» **ABOUT THIS EXERCISE**
Copy each line of the entries below that contains the string "Black".

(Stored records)
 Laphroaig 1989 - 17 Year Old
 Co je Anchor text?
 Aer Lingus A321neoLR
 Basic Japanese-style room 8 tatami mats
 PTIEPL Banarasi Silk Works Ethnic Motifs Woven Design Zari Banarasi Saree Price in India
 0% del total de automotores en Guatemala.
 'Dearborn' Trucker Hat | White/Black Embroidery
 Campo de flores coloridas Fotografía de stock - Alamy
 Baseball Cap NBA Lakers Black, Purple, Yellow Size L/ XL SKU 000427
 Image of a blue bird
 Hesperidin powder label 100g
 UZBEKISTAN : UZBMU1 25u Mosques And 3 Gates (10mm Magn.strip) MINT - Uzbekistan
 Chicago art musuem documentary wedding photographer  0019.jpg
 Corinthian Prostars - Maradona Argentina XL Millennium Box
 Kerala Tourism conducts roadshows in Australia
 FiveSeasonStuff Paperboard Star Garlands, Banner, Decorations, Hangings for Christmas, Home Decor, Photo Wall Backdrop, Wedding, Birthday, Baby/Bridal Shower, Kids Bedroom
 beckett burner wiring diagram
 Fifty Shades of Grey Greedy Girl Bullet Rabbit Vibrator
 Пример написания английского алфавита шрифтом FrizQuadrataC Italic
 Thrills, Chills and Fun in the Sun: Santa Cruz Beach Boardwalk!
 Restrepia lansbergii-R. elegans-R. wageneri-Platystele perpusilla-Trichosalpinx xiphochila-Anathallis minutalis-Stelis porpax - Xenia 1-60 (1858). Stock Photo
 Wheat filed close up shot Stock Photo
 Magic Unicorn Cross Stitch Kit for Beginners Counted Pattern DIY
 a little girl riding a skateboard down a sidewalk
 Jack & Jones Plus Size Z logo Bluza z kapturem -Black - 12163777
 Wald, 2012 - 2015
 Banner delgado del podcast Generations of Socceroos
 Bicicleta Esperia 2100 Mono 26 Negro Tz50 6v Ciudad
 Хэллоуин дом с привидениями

» **RESULT OF THE EXERCISE**
 'Dearborn' Trucker Hat | White/Black Embroidery
 Baseball Cap NBA Lakers Black, Purple, Yellow Size L/ XL SKU 000427
 Jack & Jones Plus Size Z logo Bluza z kapturem -Black - 12163777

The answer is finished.